It was at Mont-Valérien, located in Suresnes (Hauts-de-Seine), that the Nazis executed the largest number of patriots during World War II. Today, 1,008 names are engraved on the memorial created by artist Pascal Convert.
The Mont-Valérien Fort in Suresnes (Hauts-de-Seine) is a major site of national remembrance. In 1960, General de Gaulle, standing on the very site of the Nazi crimes, dedicated a memorial in honor of the 1,008 Resistance fighters who were executed by firing squad between 1941 and 1944 while defending France. All of those executed were men. The Germans reserved the guillotine, in Germany, for female Resistance fighters. Twenty-three members of the FTP-M.O.I. “Affiche Rouge” group were executed at Mont-Valérien on February 21, 1944. Olga Bancic was guillotined in Stuttgart.
The Nazis executed, above all, the communists, whom they considered their most dangerous opponents. The selection of hostages was political; 90 percent of them were, according to Nazi terminology, “Judeo-Bolsheviks” (opponents who were both Jews and Communists). The priority was to eliminate the most determined opponents of Nazism.
17% of those executed were Jewish, most of them immigrants, even though Jews made up only 0.8% of the population. Among the victims were members of the underground communist Jewish press: Israël (Moshe) Bursztyn, the former manager of *La Naïe Presse*, was one of the 95 hostages taken on December 15, 1941; Rudolf Zeiler, the printer for *Unzer Wort* (*Our Word*), was shot there on December 19. The following year, editors Mounié Nadler and Joseph Bursztyn were also shot.

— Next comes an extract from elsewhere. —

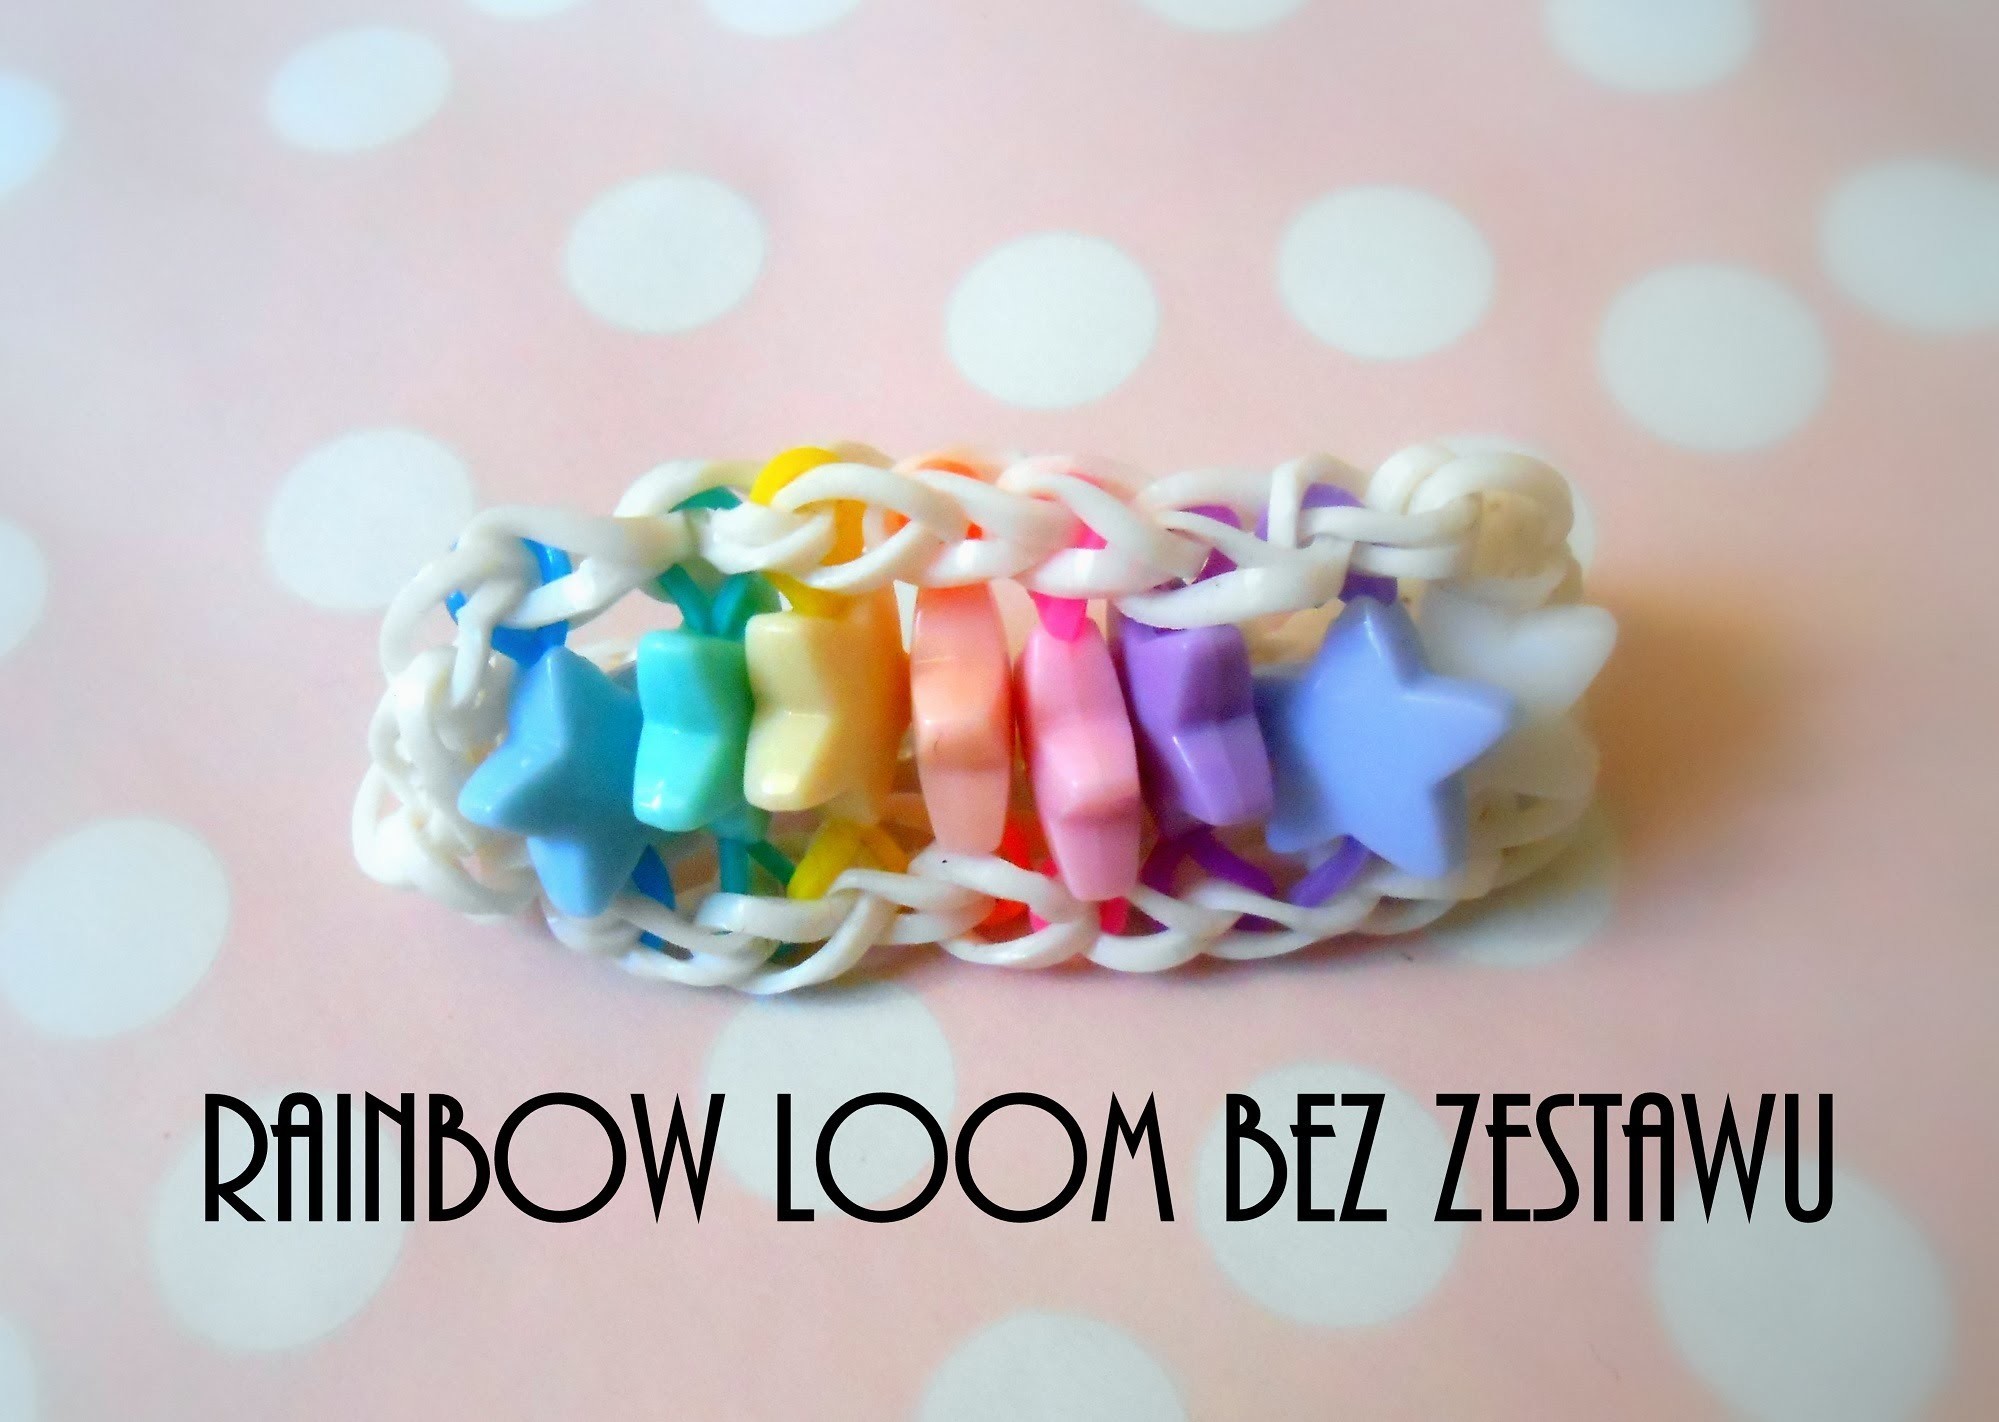 Jak zrobić bransoletkę Rainbow Loom bez zestawu?

The number of foreigners who were executed (29 nationalities) is much higher, as a percentage, than their share of France’s total population. All age groups are represented, but those under 40 make up the majority.
The mass shootings were intended to silence any opposition to the Nazis’ repressive measures by instilling a climate of terror, but they only served to galvanize the will for Resistance and rally the entire French population against the Occupiers.
A Grove of Liberty honors both the French Revolution, which granted French Jews equal civil rights, and the memory of the Jewish Resistance fighters and hostages executed by the Nazis.
References:
— Fontaine, Thomas, and Denis Peschanski, 2018, *Collaboration: Vichy, Paris, Berlin, 1940–1945*. Published by Tallandier/National Archives/Ministry of Defense.
— Serge Klarsfeld, Léon Tsévery, 2010, *The 1,007 People Executed at Mont-Valérien, Including 174 Jews*. Association of the Sons and Daughters of Jewish Deportees from France.